The MPI for Mathematics in the Sciences in Leipzig is hosting a workshop on Causality in the Language Sciences on April 13 – 15, 2015.
There is a call for talks and posters here (deadline January 10th, 2015).
Invited speakers include Balthasar Bickel, Claire Bowern, Morten Christiansen, Dan Dediu, Michael Dunn, T. Florian Jaeger, Gerhard Jaeger, Anne Kandler and Richard Sproat.
From the conference website:
Although the tenet of “correlation does not imply causation” is still an important guiding principle in language research, a number of techniques developed in the last few decades opened new scenarios where testing causal relations becomes possible. Recent advances in information theory, time series analysis, phylogenetics, stochastic processes, dynamical systems, graphical models and Bayesian inference (among many others) set the stage for a new and exciting chapter in the field.

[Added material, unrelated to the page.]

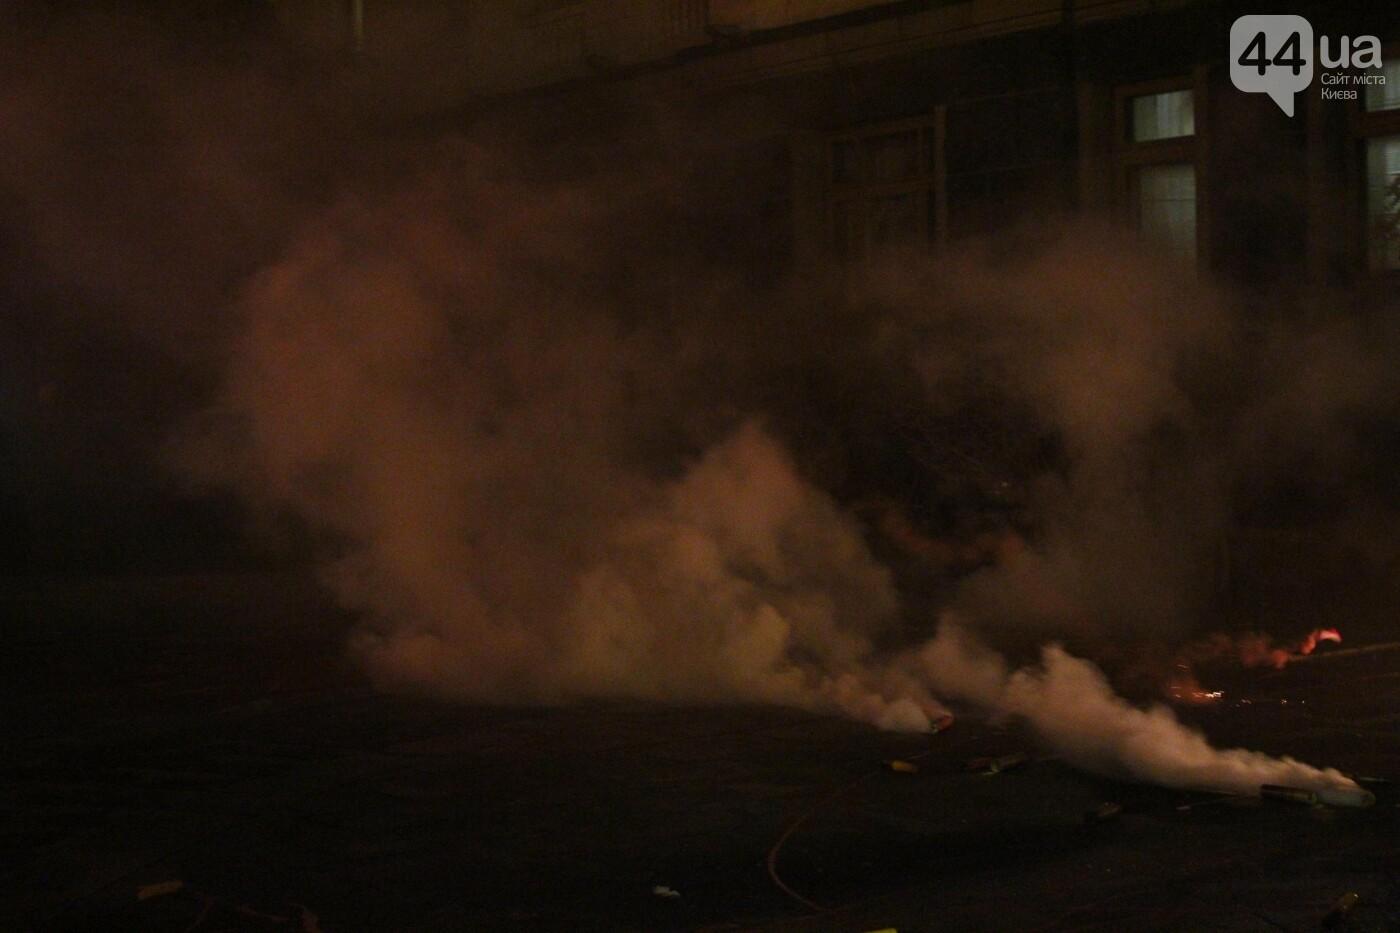 Сожгли табличку и разбили окна: акция в поддержку Стерненко переросла в беспорядки, - ФОТО, фото-11, Фото: 44.ua

In parallel, in the last few decades an unprecedented amount of data became available on a large number of language-related phenomena. We have massive matrices of voxel activation in the neural circuits involved in speech production and comprehension, several years of annotated conversations between young children and their caregivers, hundreds of hours of phonetic and anatomical measurements and multiple environmental, genetic, and demographic variables related to populations of speakers for a large number of the world’s languages.
The aim of this workshop is to address these two issues: how do we properly test causal relations in (eventually noisy, sparse or incomplete) data, and how can we infer or test the mechanisms underlying them?
Following a half a day school on cutting-edge methods for causal analysis, world class scientists will present their research on topics ranging from language history, writing systems, speech processing, typology, lexical semantics, and others.
We invite contributions from researchers facing specific problems in determining causality in language systems and also from researchers offering perspectives from the methodological and theoretical point of view of causal inference.